First, you'll need a Linux system, and two utilities: tabix and vcftools.
I'm virtualizing an Ubuntu Linux system in Virtualbox on my Windows 7 machine. I had a little trouble compiling vcftools on my Ubuntu system out of the box. Before trying to compile tabix and vcftools I'd recommend installing the GNU C++ compiler and another development version of a compression library, zlib1g-dev.
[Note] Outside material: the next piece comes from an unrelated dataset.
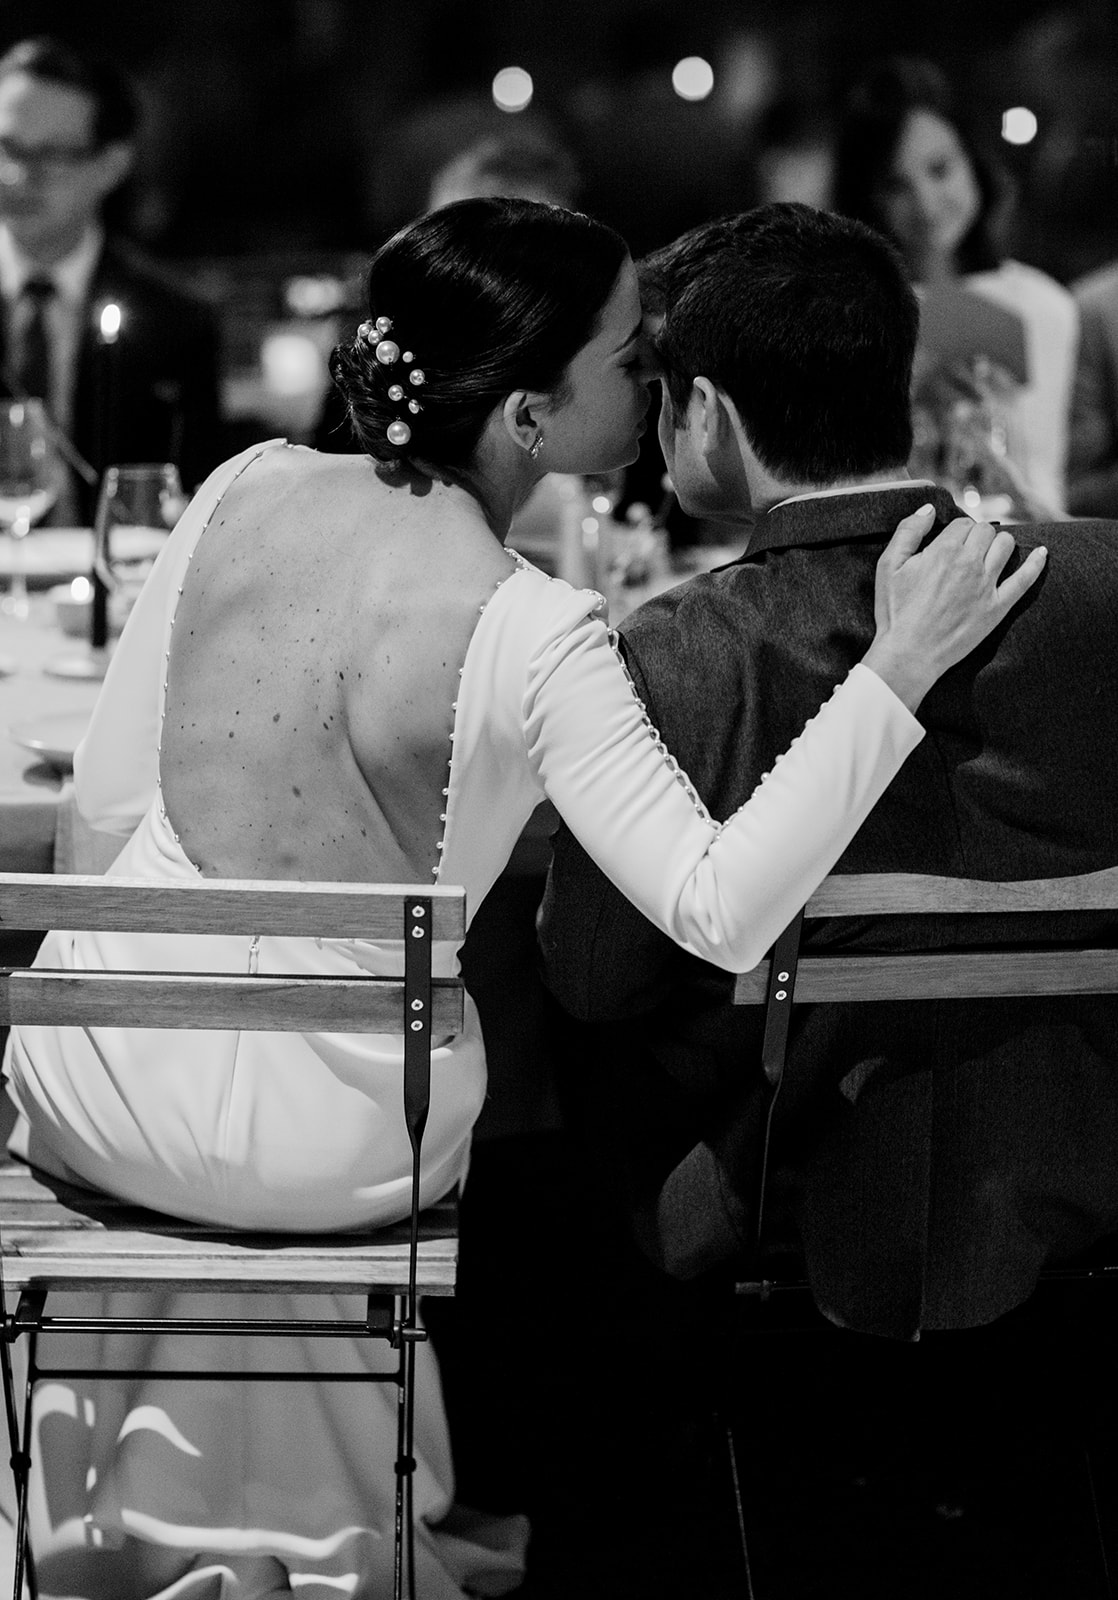 romantic bride and groom photo captured at their intimate wedding reception

This is easy in Ubuntu. Just enter these commands at the terminal:
sudo apt-get install g++
sudo apt-get install zlib1g-dev
First, download tabix. I'm giving you the direct link to the most current version as of this writing, but you might go to the respective sourceforge pages to get the most recent version yourself. Use tar to unpack the download, go into the unzipped directory, and type "make" to compile the executable.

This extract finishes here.